Balance sheet, profit and loss records necessary
by Jimmie Wilkins

Solvency

Jimmie Wilkins

A.

B.

Is your business solvent? About the only way you can really know the answer is if you “manage by the books”, i.e. you have a familiarity with your financial statements... I am a firm believer that 90% of all answers to business viability can be found by examining the Balance Sheet and the Profit and Loss. If you do not have these financial records – get them. If it means bringing in an accountant or taking it to a CPA – make it happen. You need to know the value of your business and subsequently, it’s potential.

I admit it is difficult to determine the value of a small business. As a going concern, it has the value of its profits and the intangibles such as goodwill and market share in addition to the net asset value. To determine if your business is solvent, look at your business from an outside financial perspective. We are not discussing future potential, just a picture of where you are today.

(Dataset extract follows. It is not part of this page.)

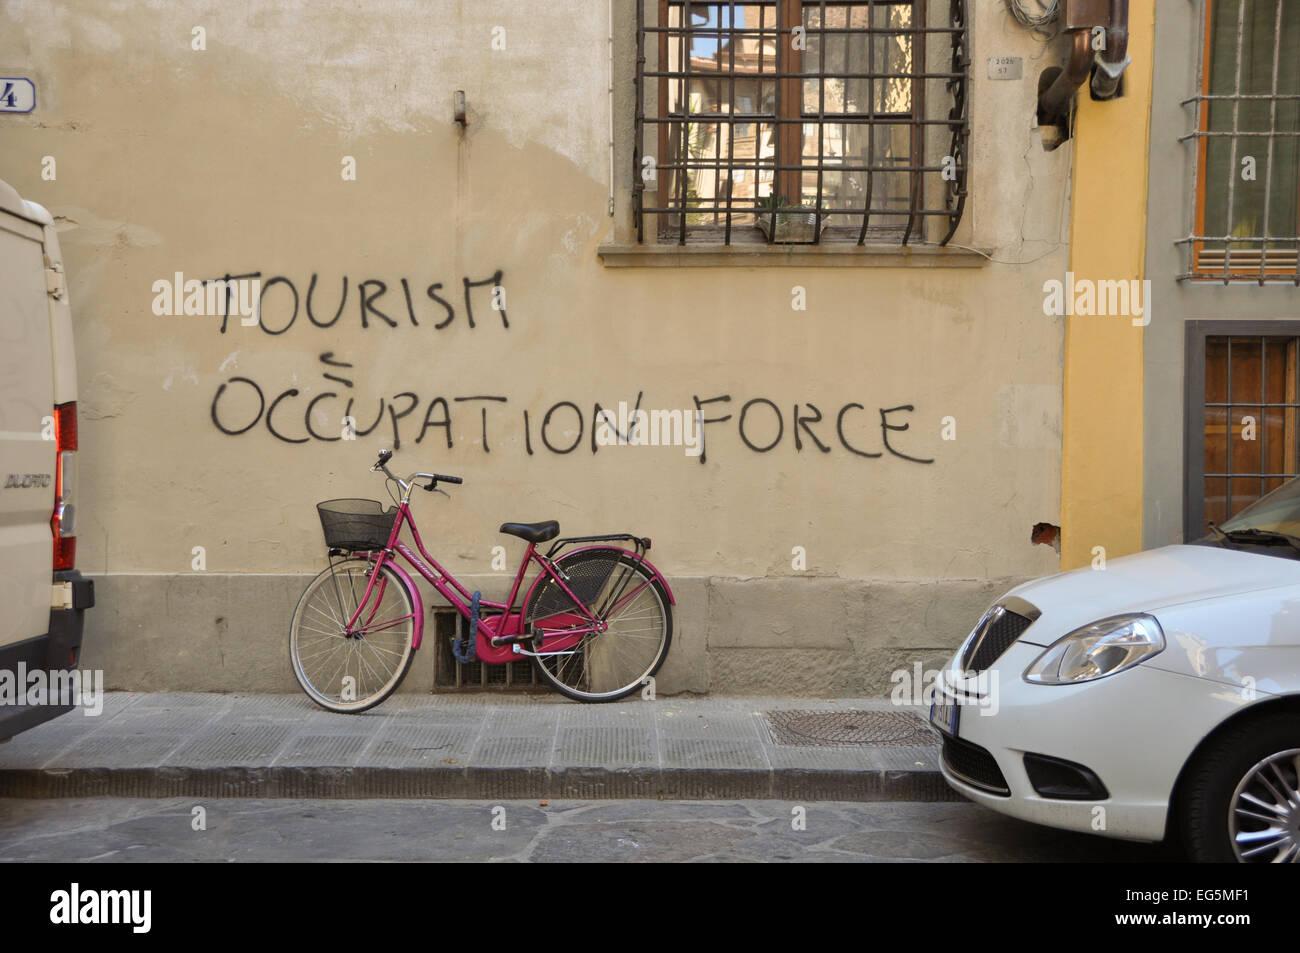 Tourisme anti graffiti sur mur en Florence Italie - Vélo rose ci-dessus Photo Stock

An orderly liquidation of your business might bring the cost value of inventory and less than top resale value of machinery and equipment. In the case of liquidation, most goodwill and other intangibles have less worth but the name and current accounts receivable may be salable. A forced liquidation of your assets will bring only pennies on the dollar, and most small businesses would not be considered solvent if forced into such a sale.

Could you sell the business as a going concern? Here there is value to the goodwill, name and customer base but be careful about overvaluing in this case. If you did sell the business, would the sale price be sufficient to retire all outstanding secured debt? What about unsecured debt? And don’t forget to consider the personal guarantees you and you partners have outstanding. Remember, I am suggesting you look at a worst-case scenario. Only this way can you step outside and “manage by the books”.

The second test of solvency would be a look at the value of tangible assets, including property, machinery, equipment and inventory sold in an orderly fashion over time. Would this type of sale realize enough cash to retire the business debt? If so, you are still in the area of a solvent business.

A good test of solvency will be to draw a balance sheet of sale values of your assets and see what the net worth would be if you conducted a sale of your business. Like I said earlier, few businesses can stand a distressed liquidation so look at this exercise in light of realistic value (neither inflated nor deflated).

This type of exercise should give you a realistic view of the solvency of your business.